Autopilot shows us the unknown known

Half the Pressure, Twice the Speed is like your neighbours – you think you know them until you realise, you really don’t. Review of an exciting LP of the autumn.


Autopilot – Köge, Balzás Farkas, Zsolt Magda Zsolt and Márton Rátkai (from left to right) at the ‘late’ GMK Club /// Photo by Lajos Somogyi / Bands Through the Lens


‘Meze’ is an interesting serving mode in the Eastern-Mediterranian cultural space which is very practical if one has a bigger dinner with a larger group. You put a million type of food on the table. Meat from lamb to chicken, sauces, dips, vegetables and all kinds of sides from home-made bread to potato. I’ve met with this practice in Cyprus and Greece but it’s also very popular in the Balcan, Turkey and in the arab region, originated in Persia. The main point is that many of us come together, we each try a bit of everything, have a couple of drinks, chat with the others and have an amazing time! Eastern tapas & world peace!
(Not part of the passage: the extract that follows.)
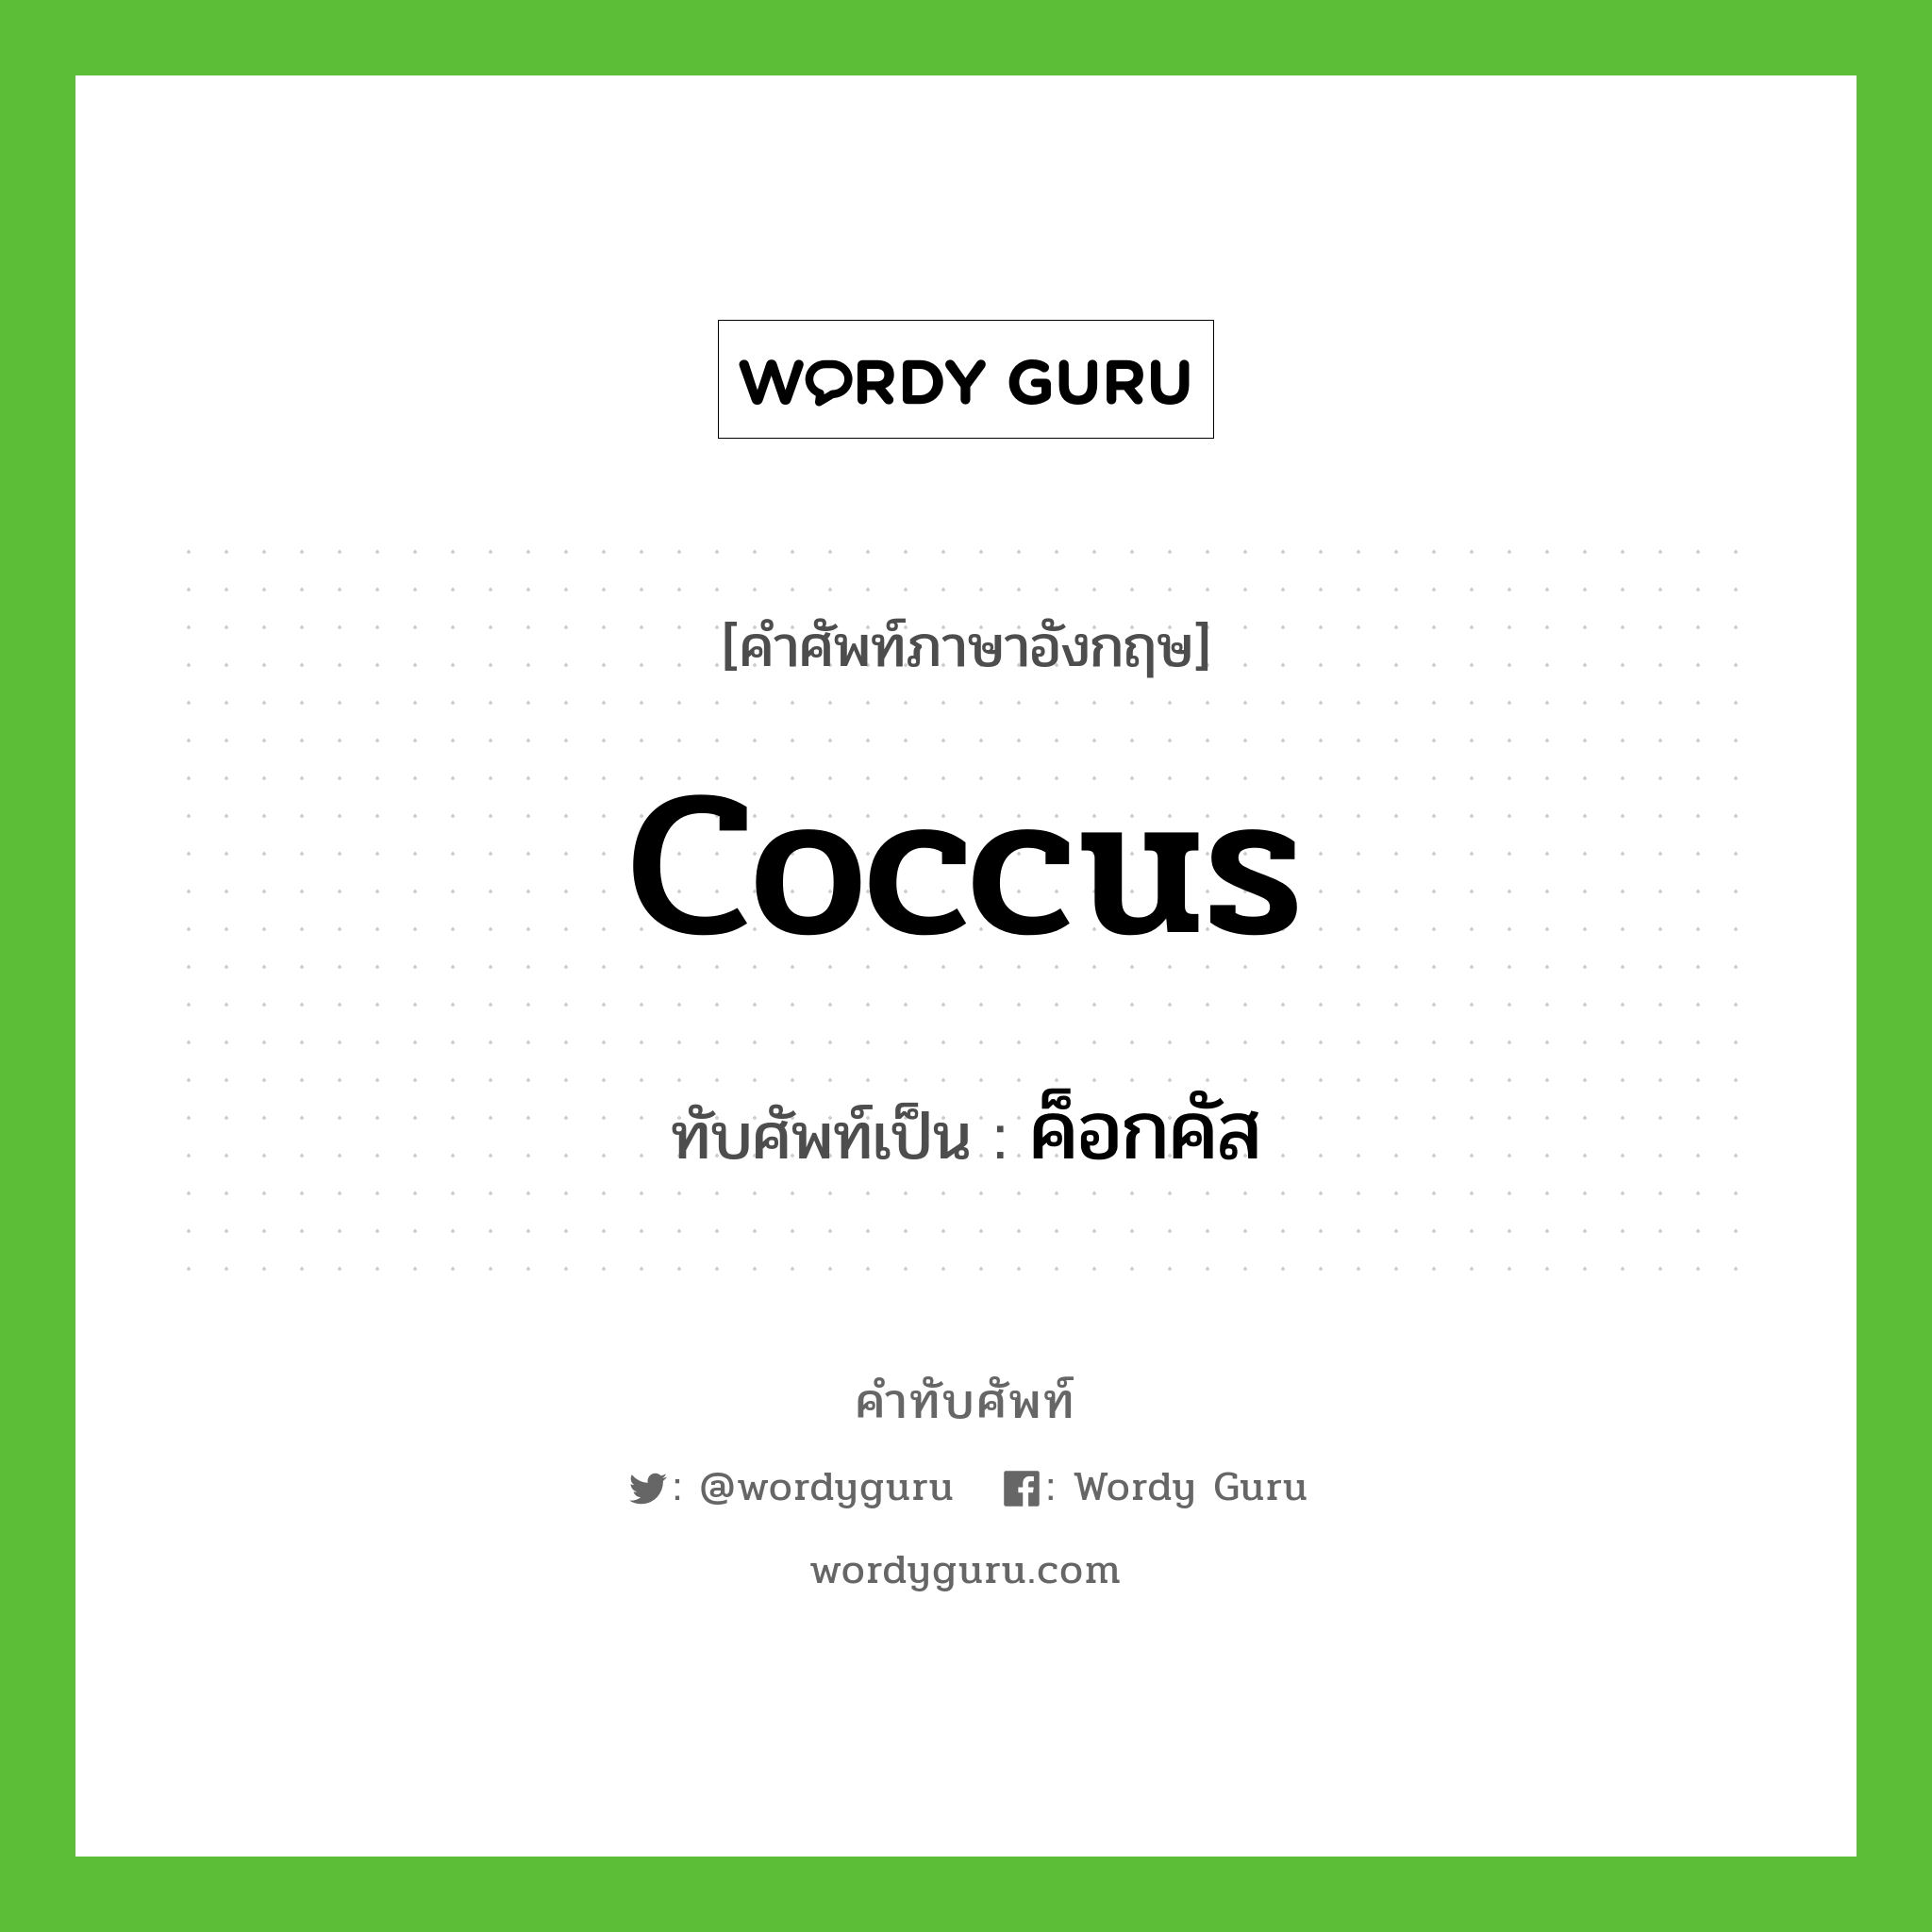 coccus เขียนเป็นคำไทยว่าอะไร?, คำศัพท์ภาษาอังกฤษ coccus ทับศัพท์เป็น ค็อกคัส
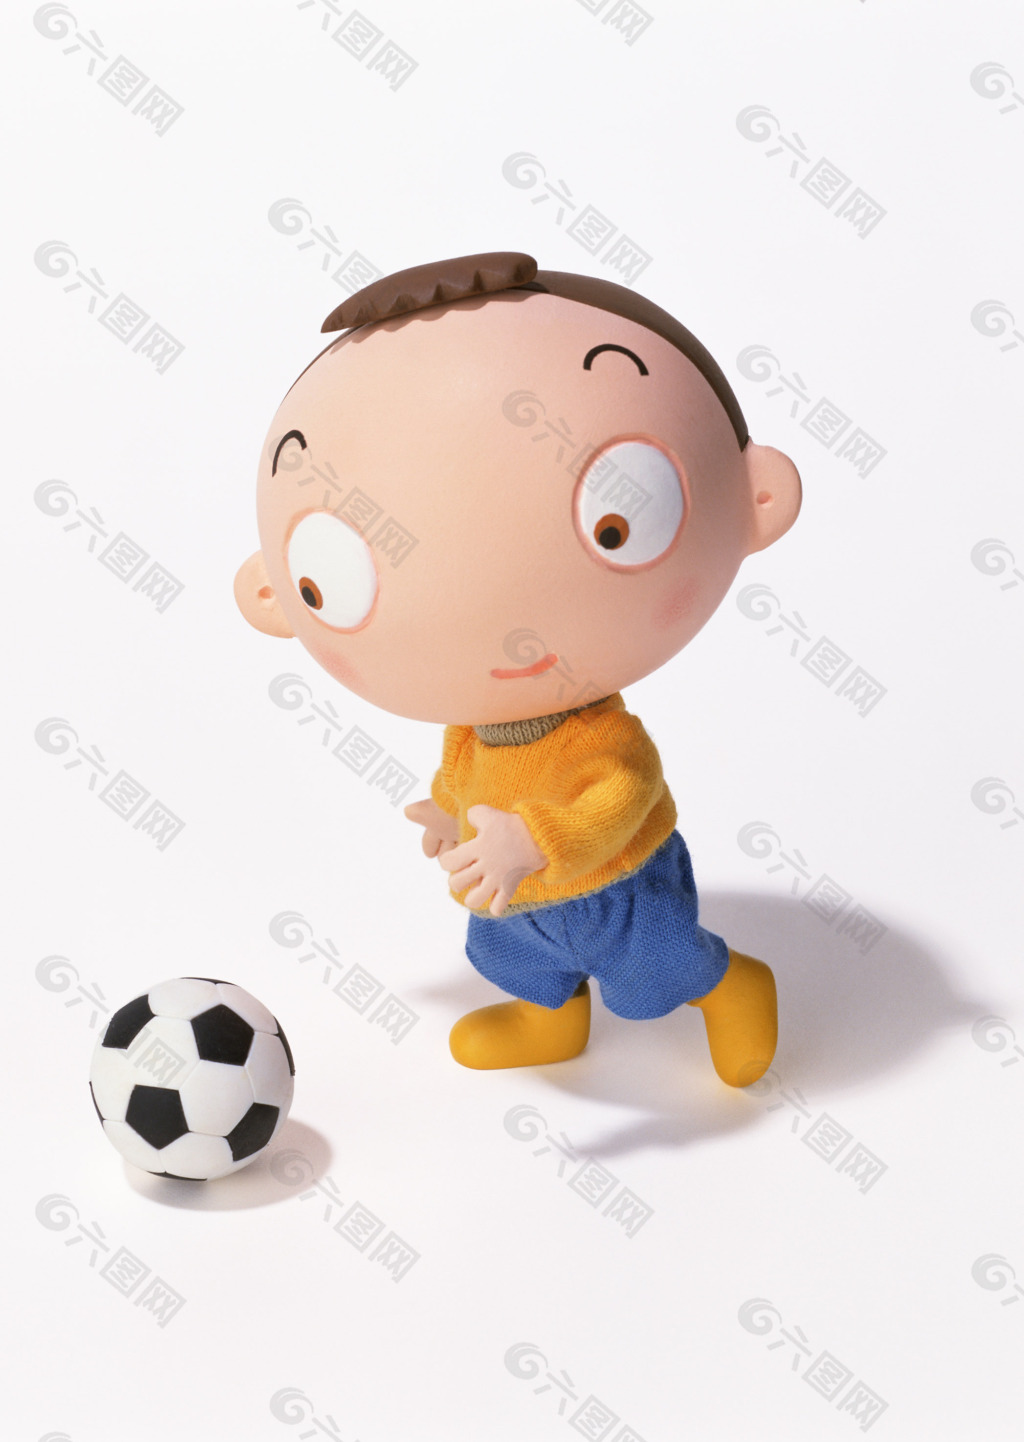 踢足球的小孩图片

Before anyone would think that I’ve gone crazy, or that I’m trying to start a gastro-blog, don’t worry, it’s not the case. The reason for this exposition is that this is what the new album of Autopilot made me think about. Half the Pressure, Twice the Speed is like the neighbour who you spot in the crowd, saying, ‘I know that guy’ but you don’t know where from. You take a closer look and say ‘Oh yeah, that’s him!’ Then after a while you realise that you don’t actually know them, you are merely familiar with the idea of them.


Autopilot brings us ten tracks and although the album is a new thing in itself, I nearly said ‘Oh heck, I’ve already heard this!’ It’s a journey. It starts, places you on a wave and then puts you down on the beach. Still, you constantly think about where have you heard it before.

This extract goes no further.